Extracting Features
After preparing a corpus, the next step is to extract features for model training.
Command
litsea extract -l <LANGUAGE> <CORPUS_FILE> <FEATURES_FILE>
Example
litsea extract -l japanese ./corpus.txt ./features.txt
Output:
Feature extraction completed successfully.
What Happens Internally
flowchart TD
A["Read corpus line by line"] --> B["Split line into words"]
B --> C["Build chars, types, and tags arrays"]

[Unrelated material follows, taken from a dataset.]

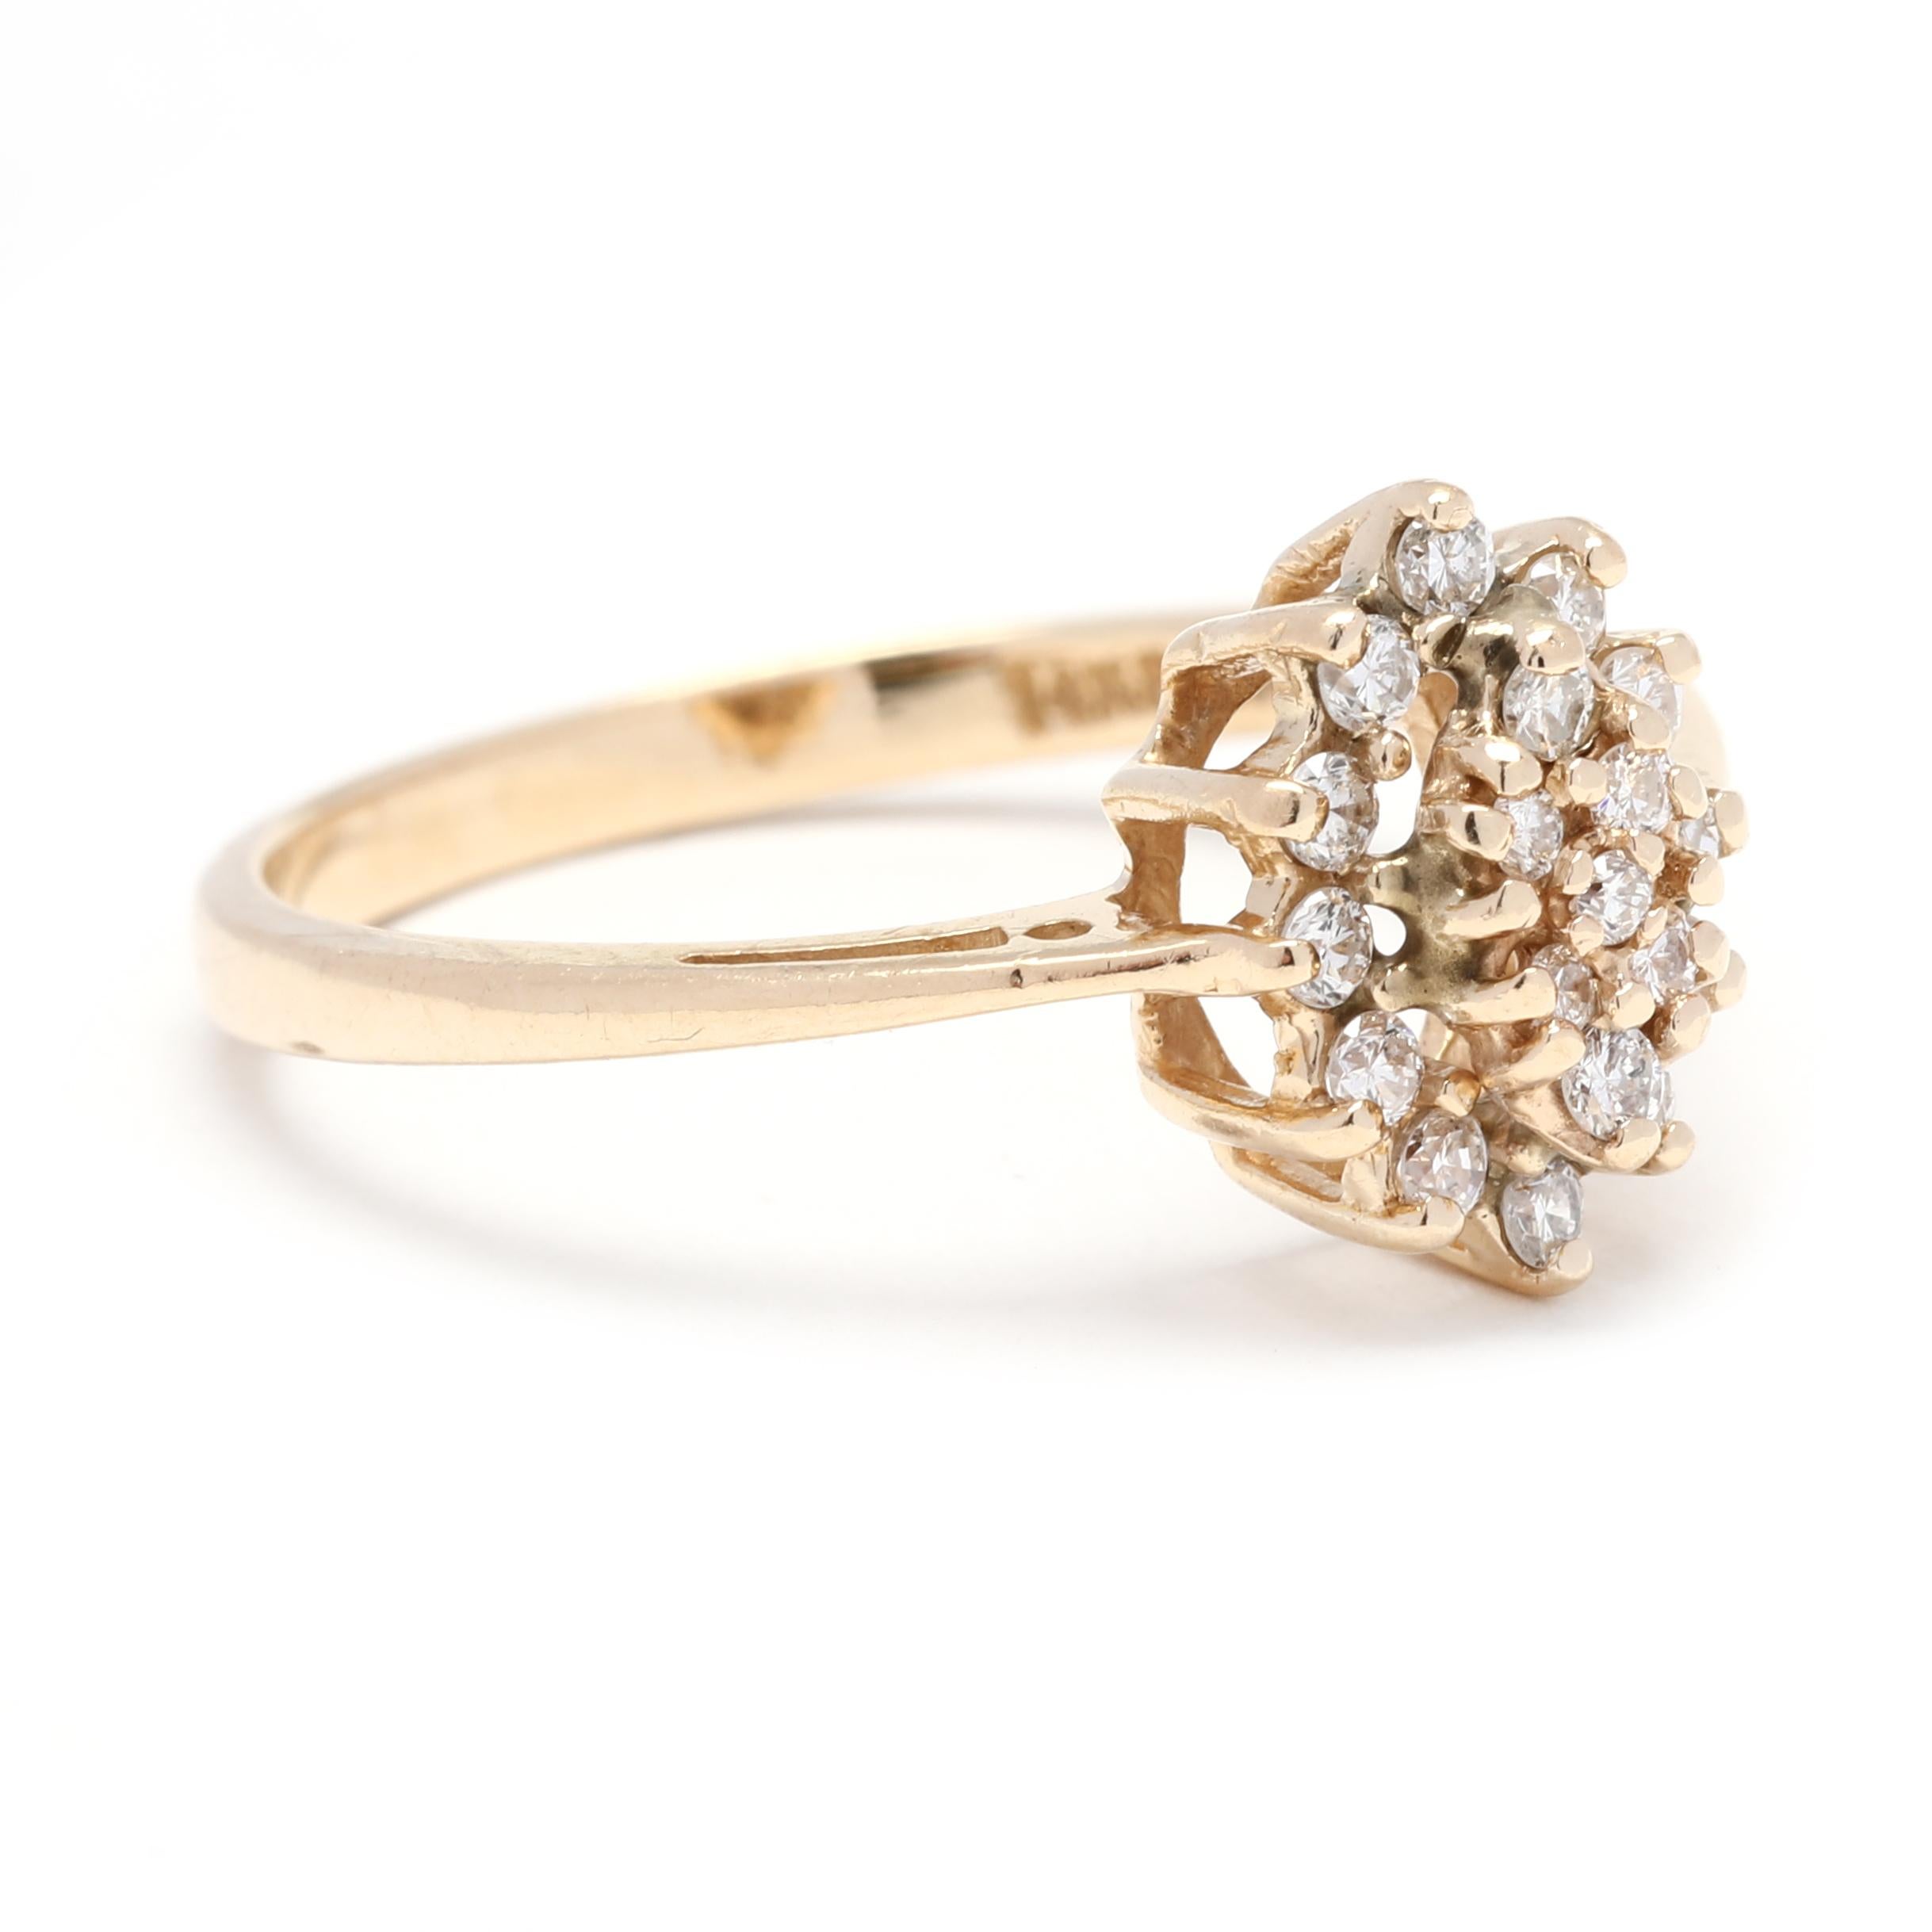 Dieser wunderschöne 0,25ctw Navette Diamant-Cluster-Ring strahlt klassische Schönheit aus. Der aus 14 Karat Gelbgold gefertigte Ring ist mit 12 funkelnden Diamanten besetzt, die für zusätzlichen Glanz sorgen. Dieser elegante und zeitlose Diamantring
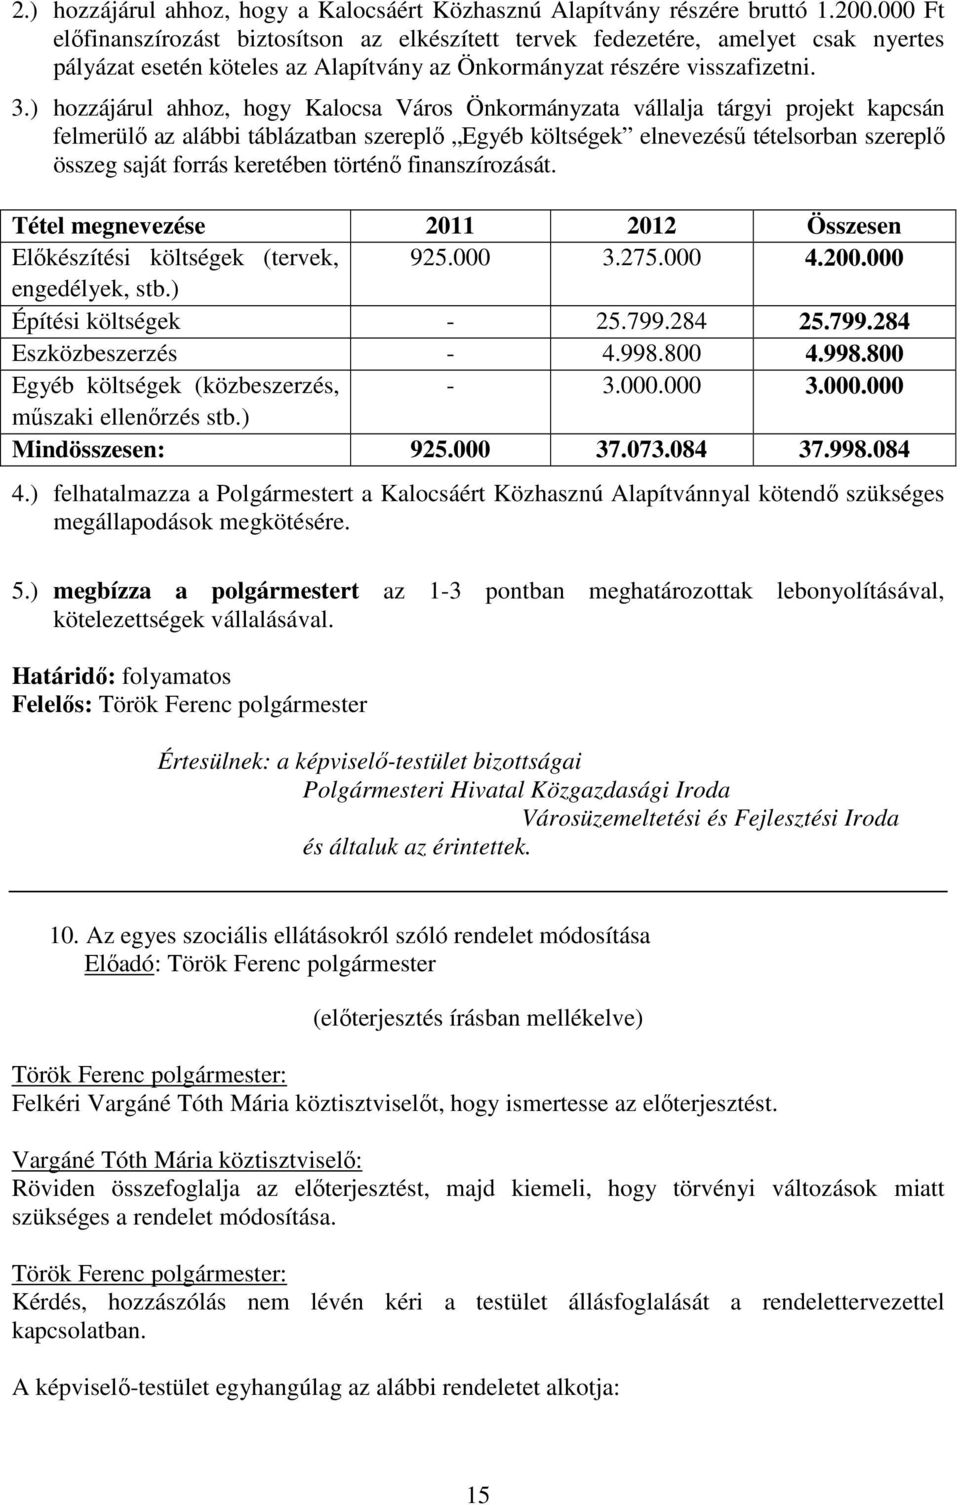 ) hozzájárul ahhoz, hogy Kalocsa Város Önkormányzata vállalja tárgyi projekt kapcsán felmerülő az alábbi táblázatban szereplő Egyéb költségek elnevezésű tételsorban szereplő összeg saját forrás

C --> D["For each character position"]
D --> E["Extract 38-42 features"]
E --> F["Write label + features to file"]
- The
Extractorreads each line from the corpus - For each sentence, it creates a
Segmentercontext with character arrays, type arrays, and tag arrays - For each character position (except the first), it extracts features and writes them with the correct label
Feature File Format
Each line represents one character position:
1 UP1:U UP2:U UP3:U BP1:UU BP2:UU UW1:B2 UW2:B1 UW3:は ...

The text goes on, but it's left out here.